The government and its critics agree that much of the violence can be blamed on corruption related to the drug trade. Since December, three journalists have been murdered in Sinaloa state alone, one of Mexico’s main drug-trafficking areas.

The dialogue stalls, though, on the question of federal, state and municipal officials’ complicity. The opposition, pressed to quantify direct government corruption, says that chronic government inaction amounts to complicity. “Sometimes the government prefers to pay the cost of the controversy rather than deal with the implications of clarifying the crime,” said Adolfo Aguilar Zinser, a political analyst and former reporter. On the other hand, Octavio Campos, the Interior Ministry’s director of information, insists that there has been no willful negligence on the part of the government.

Regardless of its role in investigating abuses, it’s clear that the government maintains a number of unfair newspaper and broadcast advantages. It is widely acknowledged that many officials routinely hand cash to journalists who can guarantee favorable coverage. Proceso magazine, a respected left-of-center publication, recently reported that those accredited to follow the campaign of the ruling Institutional Revolutionary Party pocketed $40 to $180 in weekly PRI payments and state-by-state bribes.

In addition, the government holds sway over key media resources.

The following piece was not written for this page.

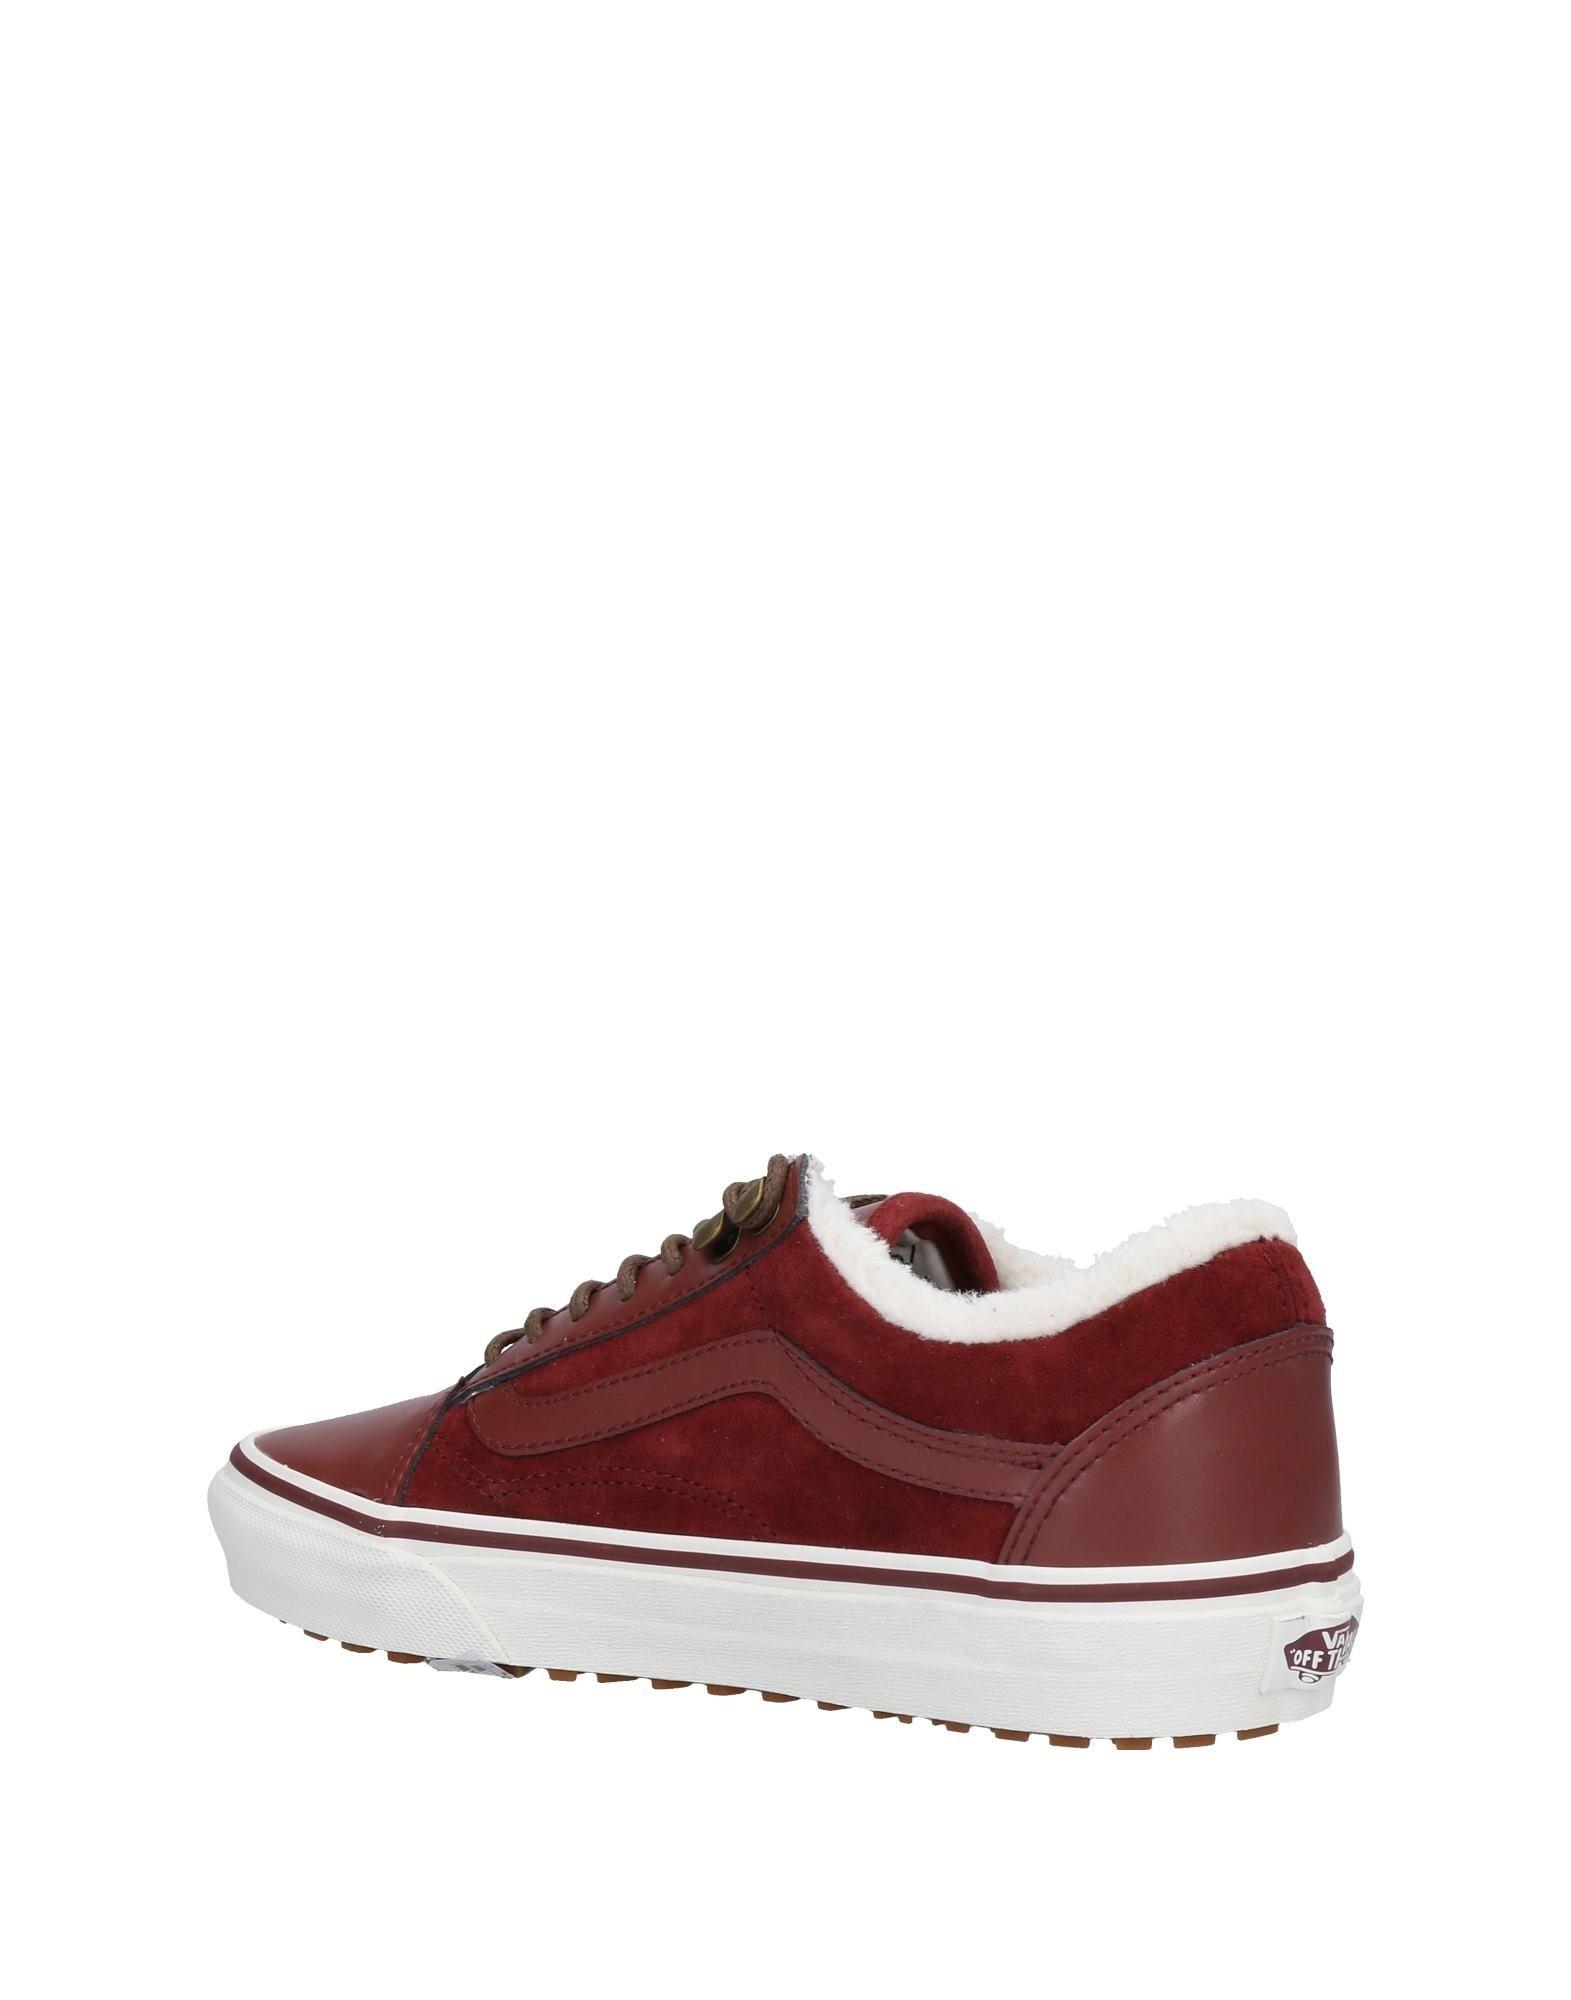 Vans Sneakers Damen    11492357OT Gute Qualität beliebte Schuhe 4202d2
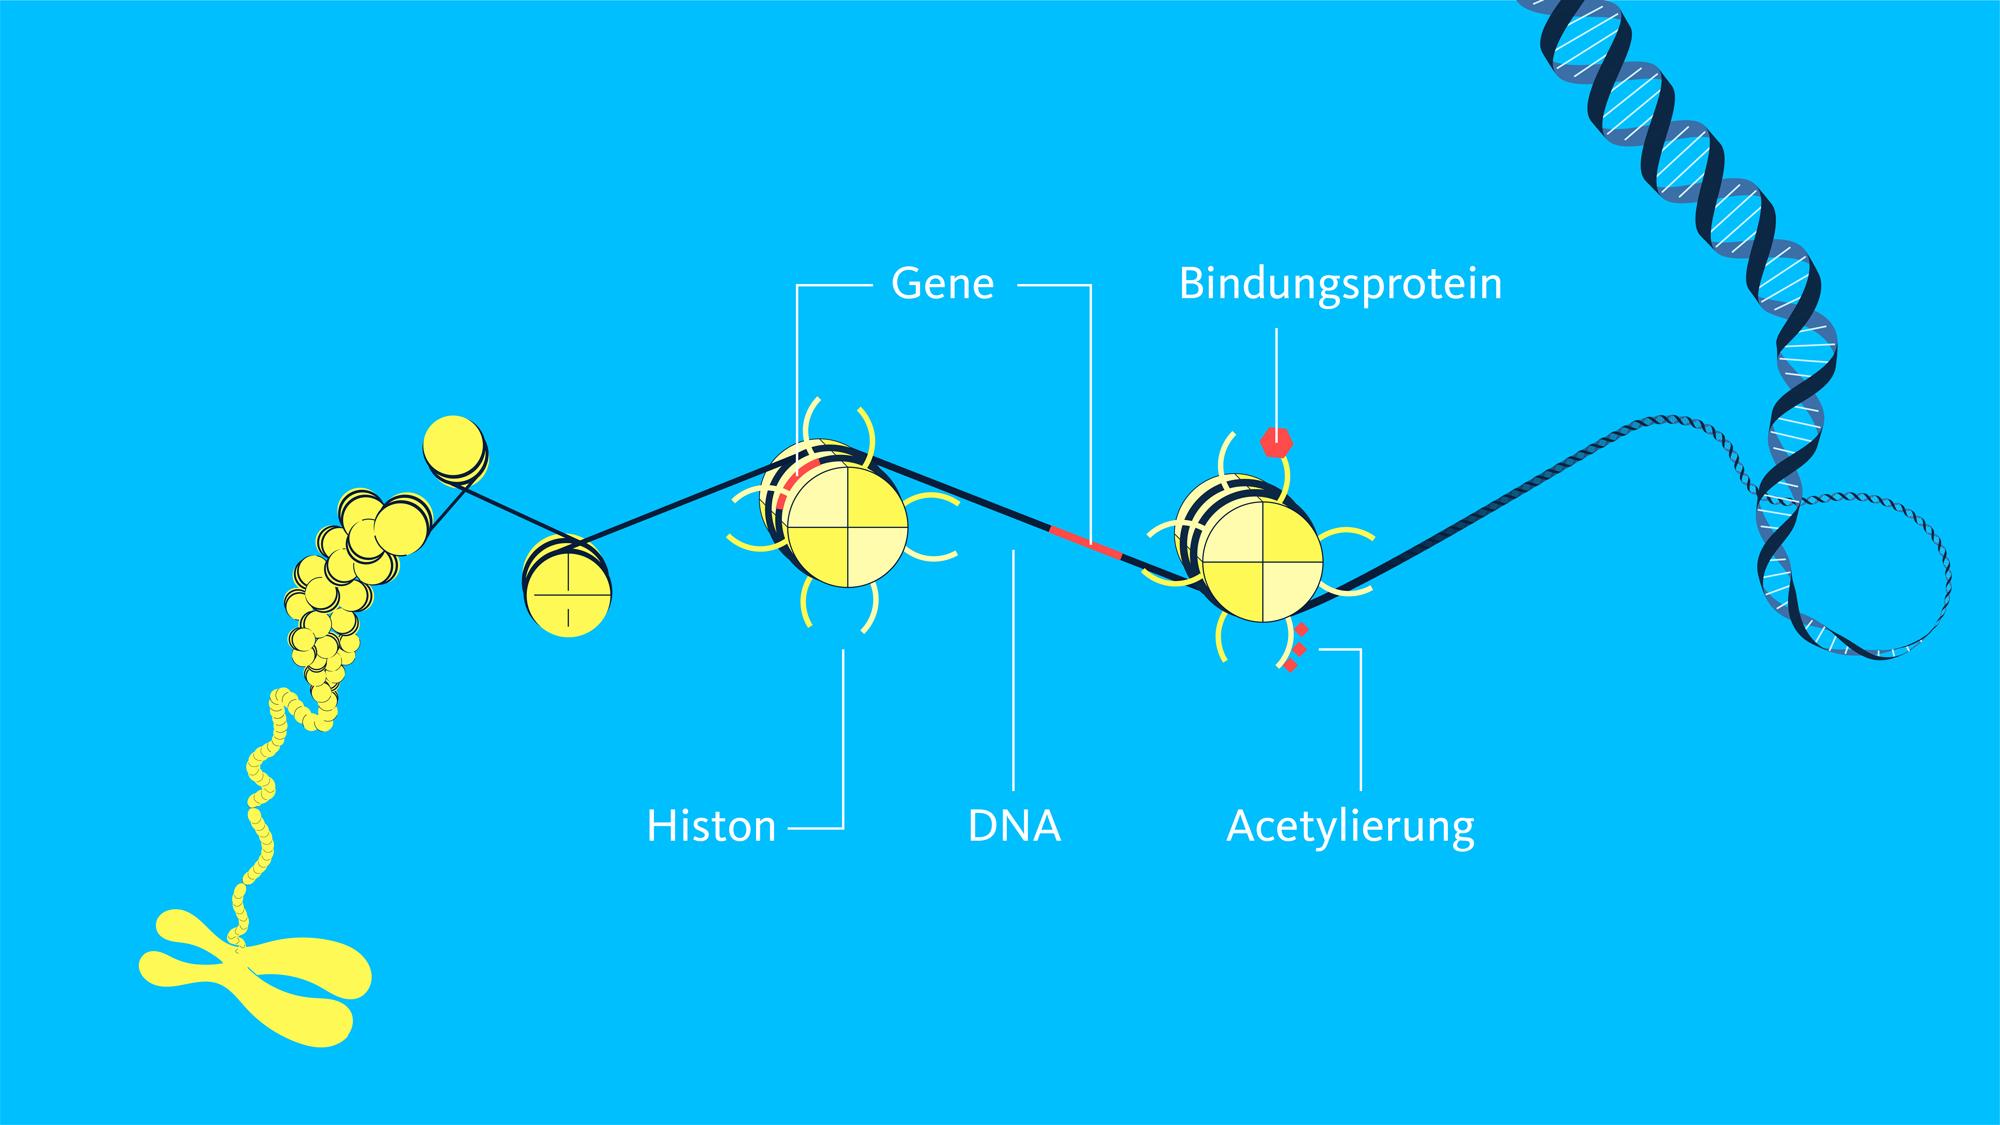 Eine menschliche Zelle enthält einen DNA-Strang von zwei Metern Länge. Dieser ist mehrfach komprimiert, etwa indem er um sogenannte Histone gewickelt ist und dieser Chromatin-Komplex ebenfalls wieder platzsparende Strukturen einnimmt. Man kann sich ein Chromosom als ein sehr dichtes DNA-Knäuel vorstellen. Die Gene auf der DNA sind zunächst um ein Histon gewickelt und nicht zugänglich. Durch Regulierungsfaktoren verändert sich aber die Struktur und der Genabschnitt wird freigelegt. In welchem Zustand die DNA vorliegt, entscheiden Prozesse wie die Acetylierung des Histonschwanzes oder das Anlagern von Bindungsproteinen. Durch Ablösen oder Methylierung sind die Schritte reversibel.

A 1984 law gave it the right to control personnel and labor hours related to satellite technology. And though it has been 14 years since the government last used its 53-year-old monopoly on cheap newsprint to close down a Mexican publication, print reporters say that the threat of suspension still ensures a certain degree of self-censorship.

Broadcast news also guarantees the ruling party some measure of support: 90% of all radio and television campaign coverage between November and May was devoted to the PRI, according to the Democratic Assembly for Effective Suffrage, a monitoring group that includes government opponents on the right and left. Government domination of the media fed charges that the party would ensure a fraudulent vote count on July 6.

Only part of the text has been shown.